Okay, wow. I've got almost no idea what's going in this book, but it is GLORIOUS. The Saturnian Zoku don't quite hold together as well Mars and Earth from the previous books, but the sheer awesome of the cosmological war over the very nature of existence makes up for a story that seems to be blowing itself apart at the pieces, like a combat thoughtwisp shedding its outer armor against slowgun viral parasites. What Rahaniemi says is that we *can* imagine the other side of The Singularity, and even there a few people can make all the difference.
****
Rajaniemi has been teasing about his cosmology and its relation to the story since book one, and he lays it all out here. There is something deeply spooky at the interface of quantum mechanics and computation, certain answers that come out of nanoscale blackholes that indicated that the secrets to the universe are encrypted, and whoever holds that password will be the next best thing to gods.
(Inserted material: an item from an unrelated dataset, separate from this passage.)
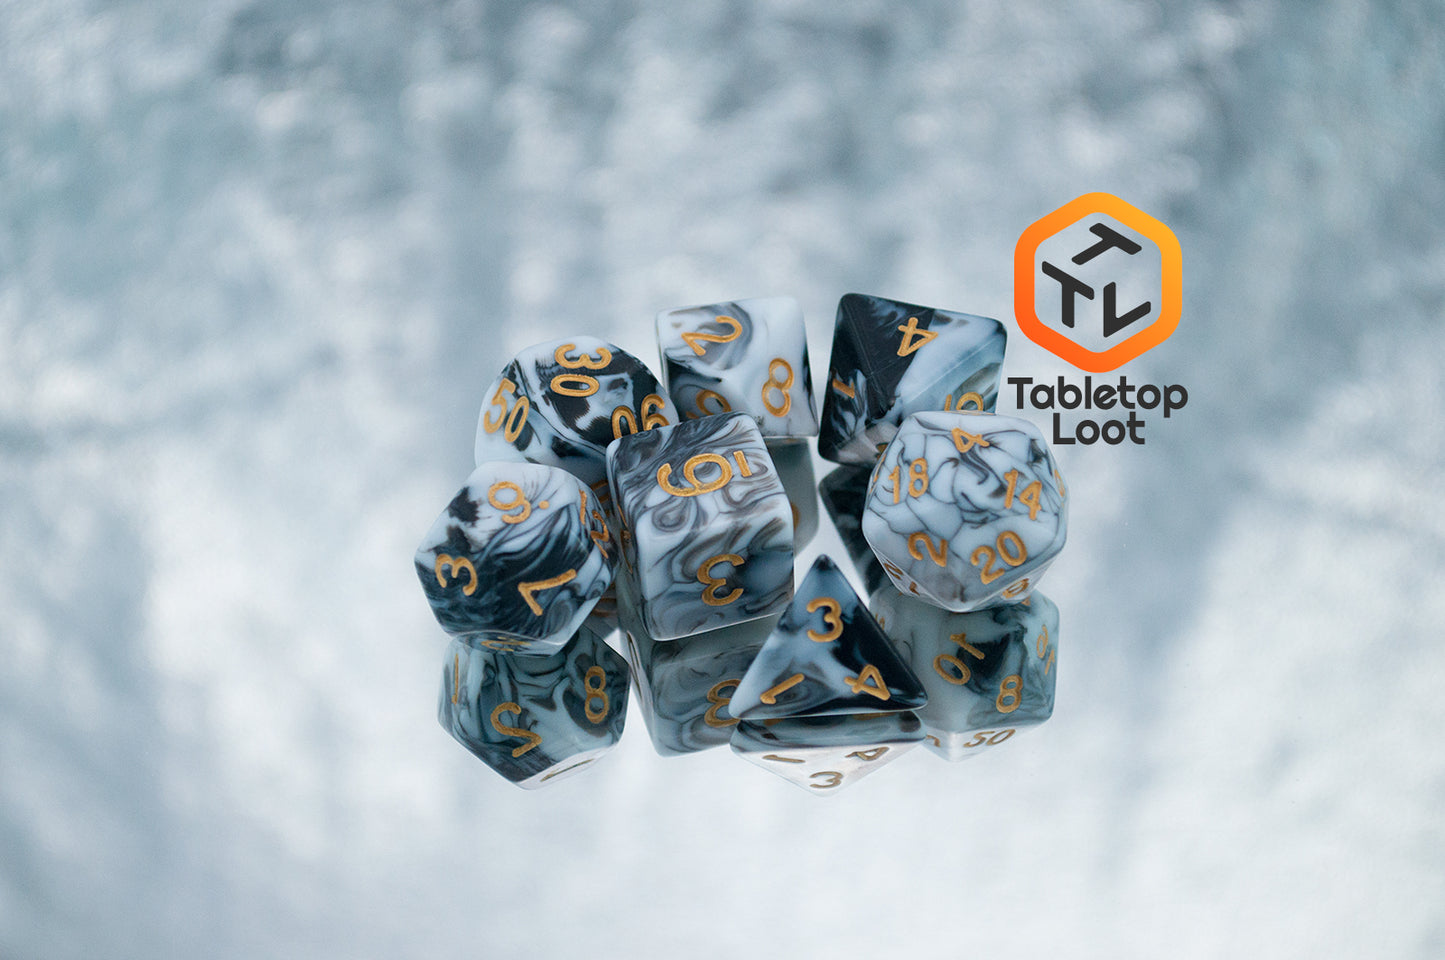 The Rolling Thunder 7 piece dice set from Tabletop Loot with swirls of white, grey, and black resin and gold numbering.

The key is the macguffin of the series, the Kaminari Jewel. Crafted by the Zoku, a clade of posthumans descended from gamers who use quantum effects to optimize their society, the Jewel has been presumed lost. Le Flambeur's quest is to steal it, and to make himself someone who can use it. On a reread, this is more pessimistic than I remember. Both the Zoku and Sobornost are thoroughly monstrous, the jargon does not fully conceal the more or less arbitrary nature of the Kaminari as the object, and the Zoku society feels incredibly dated in an an internet culture circa 2014 kind of way, rather than hitting some eternal truth. It's a solid conclusion, but not a stunning one.